Und da trat plötzlich ein höhnisches Lächeln in das Gesicht der Duc, sie hob eine ihrer perfekten Augenbrauen, ich sah, wie Alec sich anspannte.
»Na wen haben wir denn da?«, zischte sie gefährlich leise, rührte sich allerdings immer noch nicht.
Ich blinzelte heftig, ertrug ihre Stimme nicht, ertrug diesen selbstgefälligen Blick nicht.
»Wir können das vollkommen ohne Gewalt regeln«, knurrte Alec, ich traute mich nicht, mich zu bewegen, die Silberwaffen waren mir nur allzu Bewusst, auch wenn sie für den Moment nur auf Alec gerichtet waren.
Die Frau in Schwarz lachte freudlos auf, ihre Hände ruhten vollkommen ruhig vor ihrem Körper.
»Ach ja? Und wie stellst du dir das vor, kleiner Ven?«
Alecs Kiefer zuckte, er hasste, wie sie mit ihm redete, trotzdem blieb seine Hand vollkommen ruhig.
Dass er kein kleiner Ven war, sah sie sehr wohl, dass er ebenso gut in der Lage wäre, sie zu töten, wie sie ihn, wusste die Frau in Schwarz ebenfalls, doch sie ließ es sich nicht anmerken, tat so, als wäre Alec bloß ein kleiner, verstimmter Junge, den man mit ein wenig Schokolade wieder beruhigen konnte.

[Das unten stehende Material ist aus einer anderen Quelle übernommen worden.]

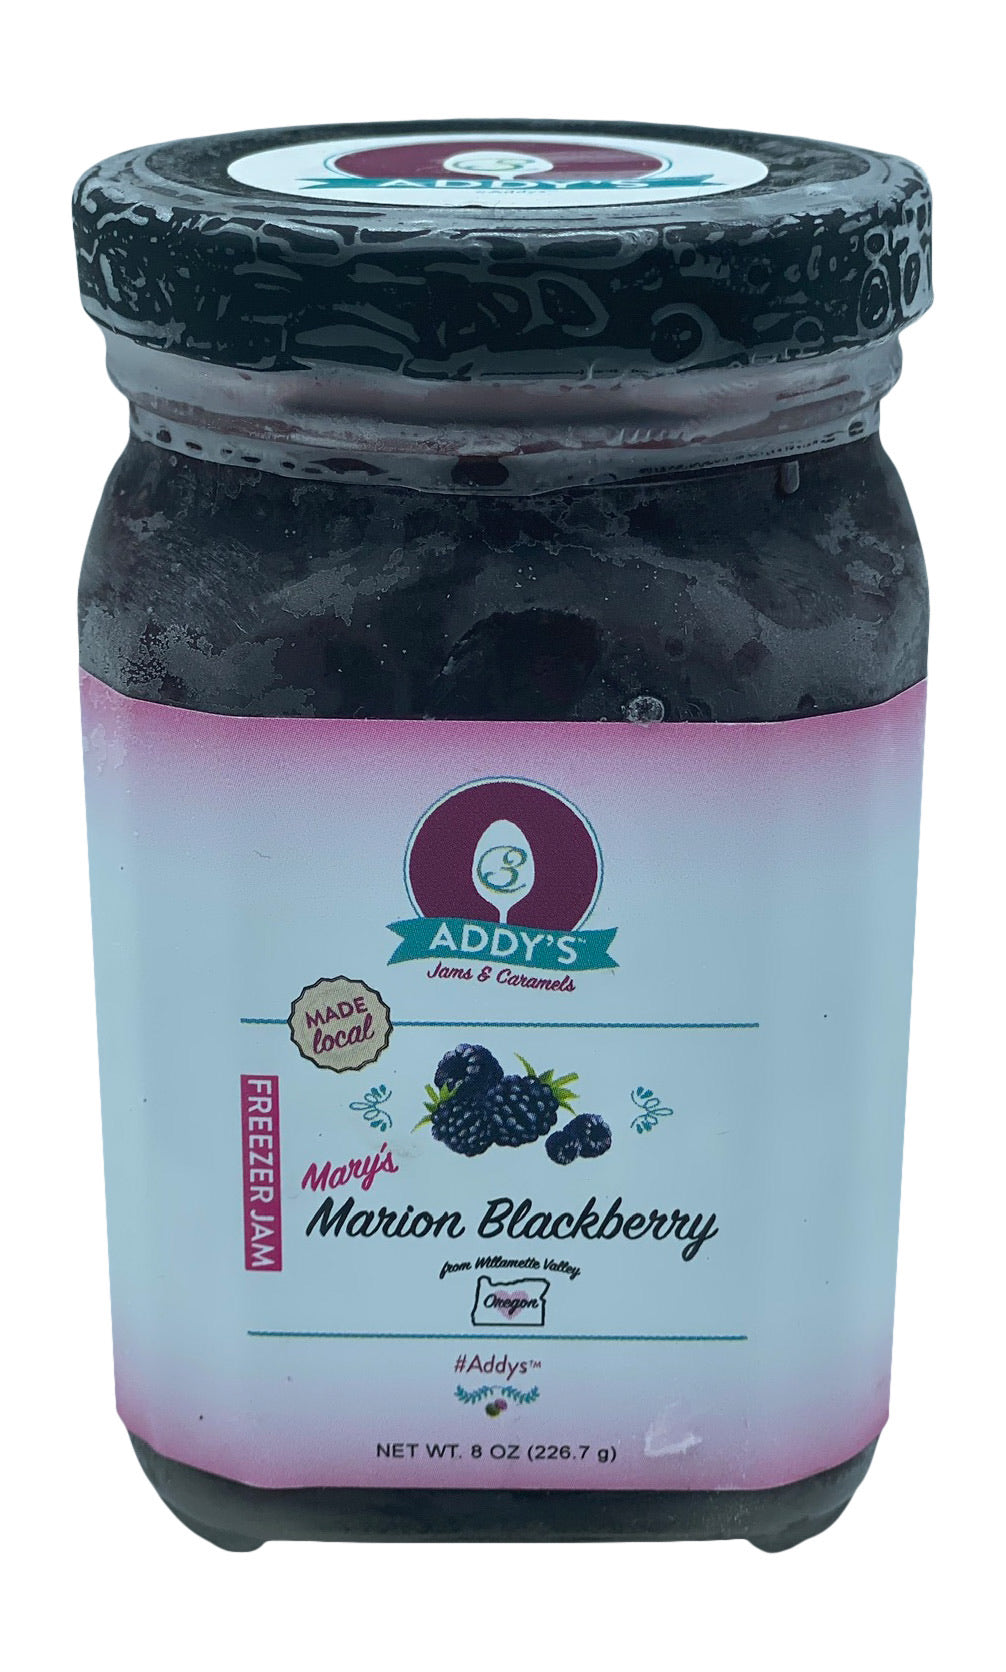 Addy's Marion Blackberry Freezer Jam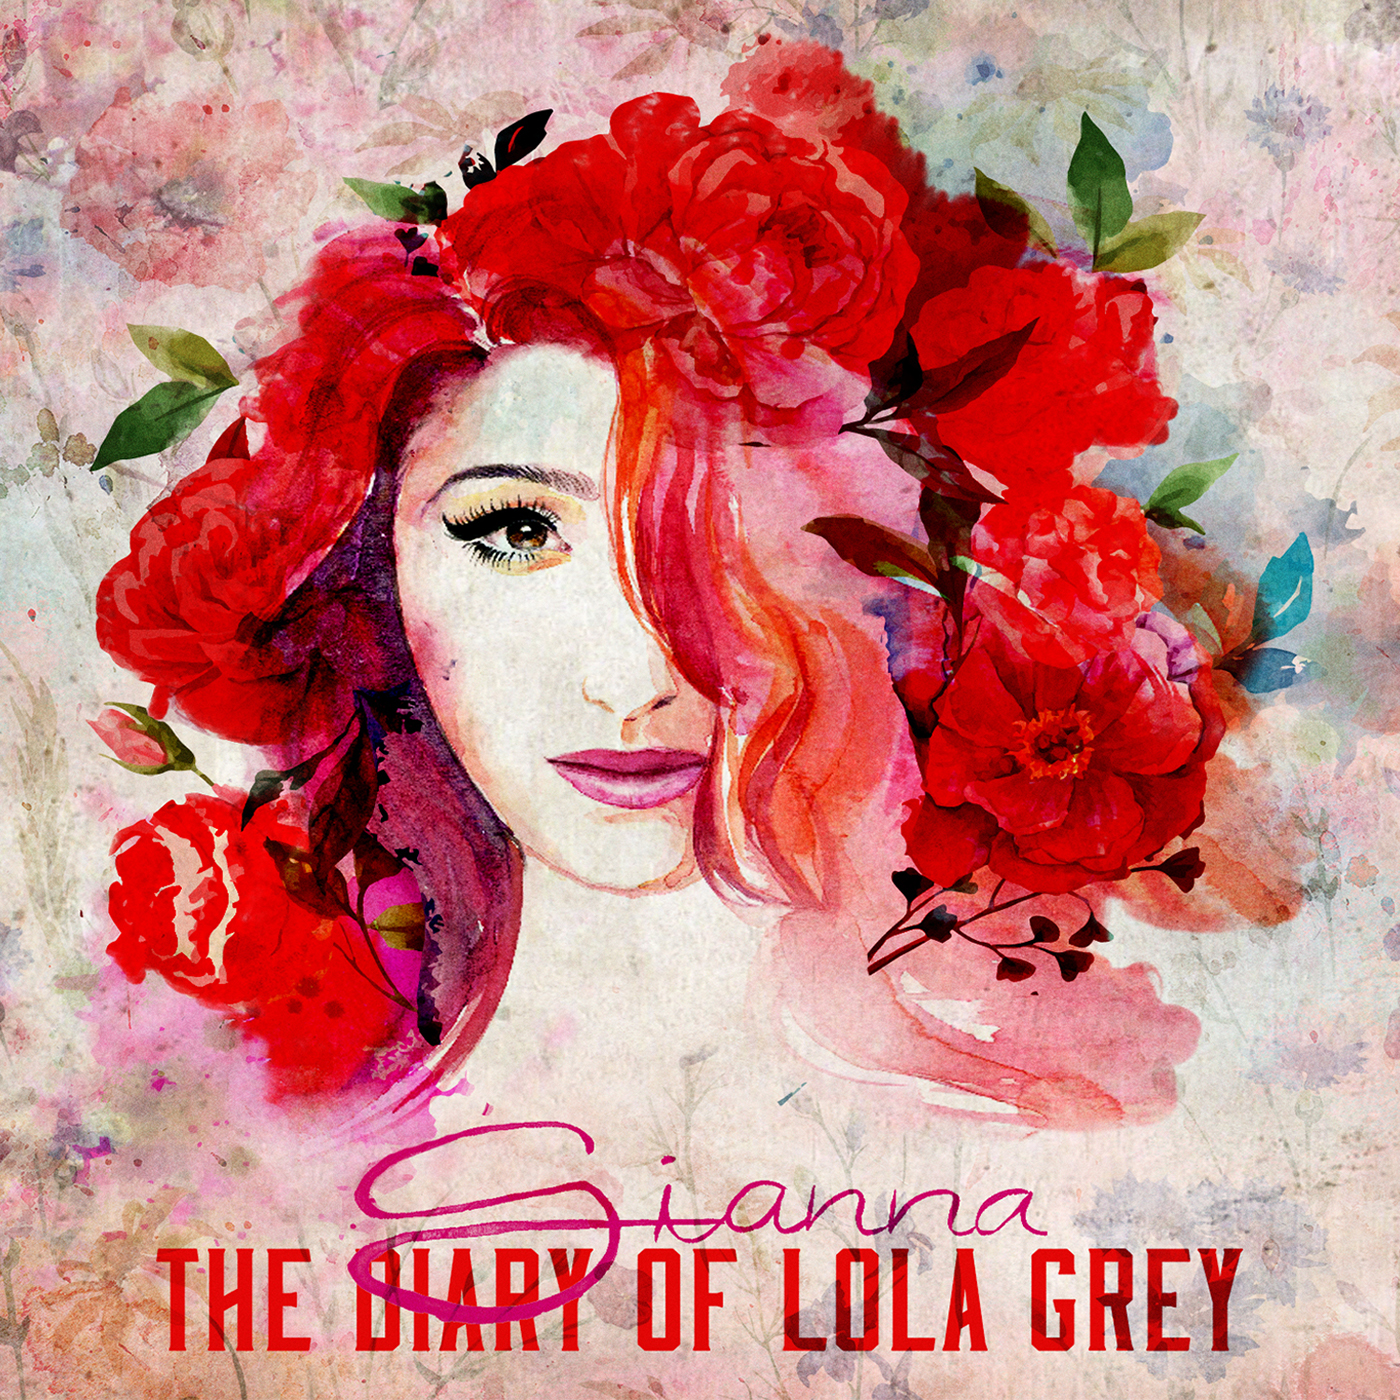 gianna The Diary Of lola grey draw Album cover Flowers photo manipulation mixed media

Alecs Kiefer spannte sich an, seine Augen zuckten zu mir und aus irgendeinem Grund schien das die Frau zu amüsieren, ein süffisantes Lächeln trat in ihr Gesicht.
Alec ließ sich nicht einschüchtern.
Das war die Ausbildung der Ven, dachte ich.
Eiskalt sein. Gnadenlos. Vollkommen ruhig.
Und zum ersten Mal bekam ich wirklich mit, wie Alec seine Emotionen verbarg. Zumindest vor der Frau in Schwarz.
Mir war nur allzu klar, wie es in seinem Inneren aussehen musste.
Er packte den Bogen noch fester.
»Überlasst sie mir. Lasst sie gehen und wir verschwinden von hier. Wir verschwinden aus Nebraska, aus eurem Territorium.«
Vollkommen ungläubig sahen die Ven ihn an, Ed blinzelte so unendlich verwirrt, hatte absolut keine Ahnung, was hier los war.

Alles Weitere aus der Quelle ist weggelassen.